Bei schweren Neurodermitisschüben

Hausmittel werden ja oft belächelt und zugunsten pharmazeutischer Mittel beiseitegeschoben. Ich finde das schade, denn vieles funktioniert tatsächlich richtig gut, erhält aber nicht die gebührende Aufmerksamkeit, weil es für die Wirkung keinen wissenschaftlichen Nachweis gibt. Wer sollte die entsprechenden Studien auch bezahlen? Pharmahersteller haben daran kein Interesse, weil sich mit Hausmitteln kein Geld verdienen lässt. Universitäten und anderen Forschungseinrichtungen fehlt in der Regel das nötige Geld. Denn Studien können richtig teuer sein, und die Forschungsinstitute werden ihren knappen Etat kaum für eine wenig prestigeträchtige Hausmittelforschung einsetzen. Mit dem Nachweis, dass beispielsweise Hühnersuppe bei grippalen Infekten das Immunsystem stärkt, ist schließlich im internationalen Forscherranking kein Blumentopf zu gewinnen.
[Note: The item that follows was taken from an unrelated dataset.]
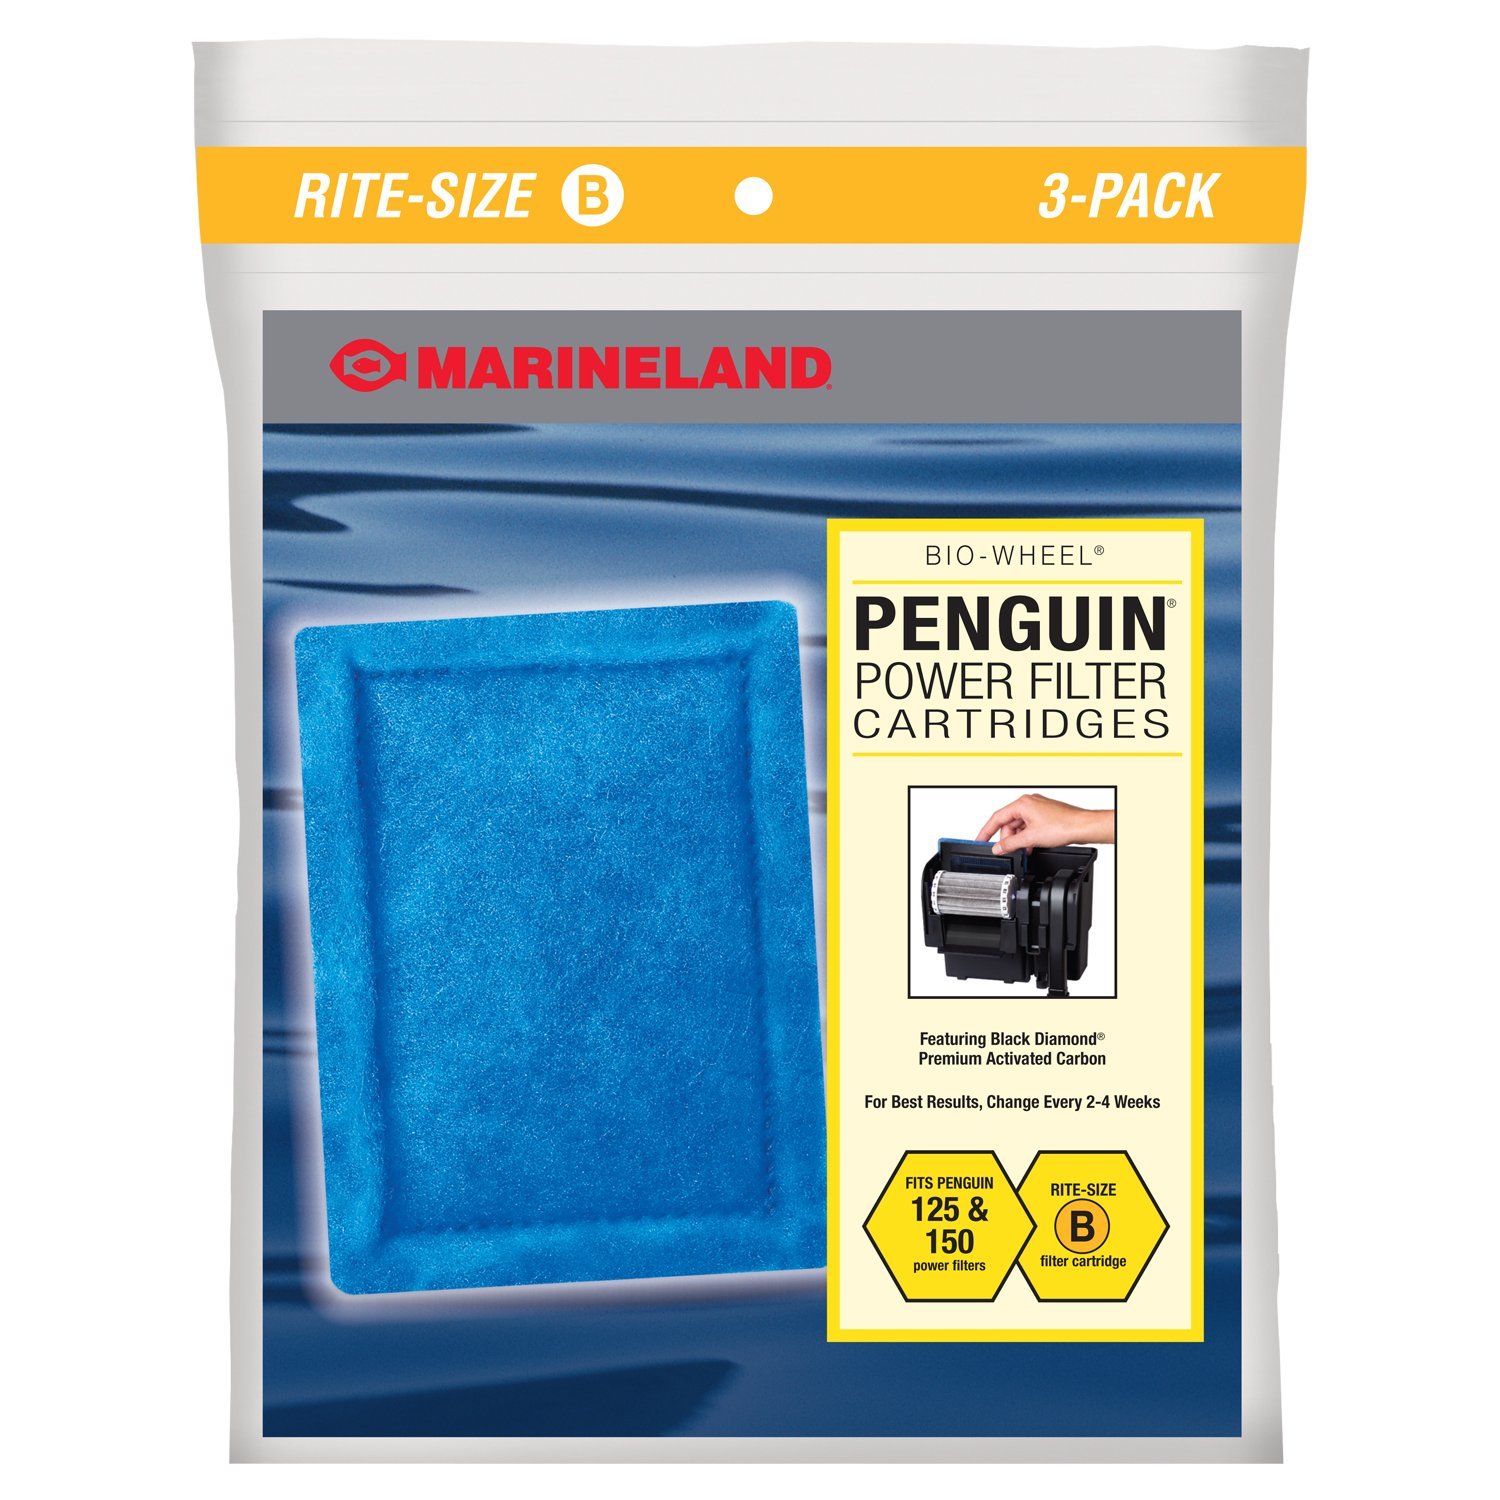 Marineland Rite-Size Cartridge Refills, B (3 Pack)

Umso dankenswerter, dass man sich am Universitätsklinikum Schleswig-Holstein, Campus Lübeck, trotzdem darangemacht hat, die Wirkung von schwarzem Tee einmal unter die wissenschaftliche Lupe zu nehmen – und zwar im Hinblick auf seine Wirkung bei fiesen, nässenden Neurodermitisschüben. Und siehe da, der Tee zeigte sich tatsächlich evidenzbasiert lindernd.

Spektakuläre Besserung

Die im Prinzip unspektakuläre Behandlung mit Teekompressen führte bei den meisten ProbandInnen zu spektakulärer Besserung. Was das für jene bedeutet, die unter der äußerst belastenden Hautkrankheit leiden, können wohl nur die Betroffenen selbst ermessen. Bestenfalls noch Angehörige, die das Leid von PartnerInnen, Kindern oder Eltern im wahrsten Sinn des Wortes hautnah miterleben.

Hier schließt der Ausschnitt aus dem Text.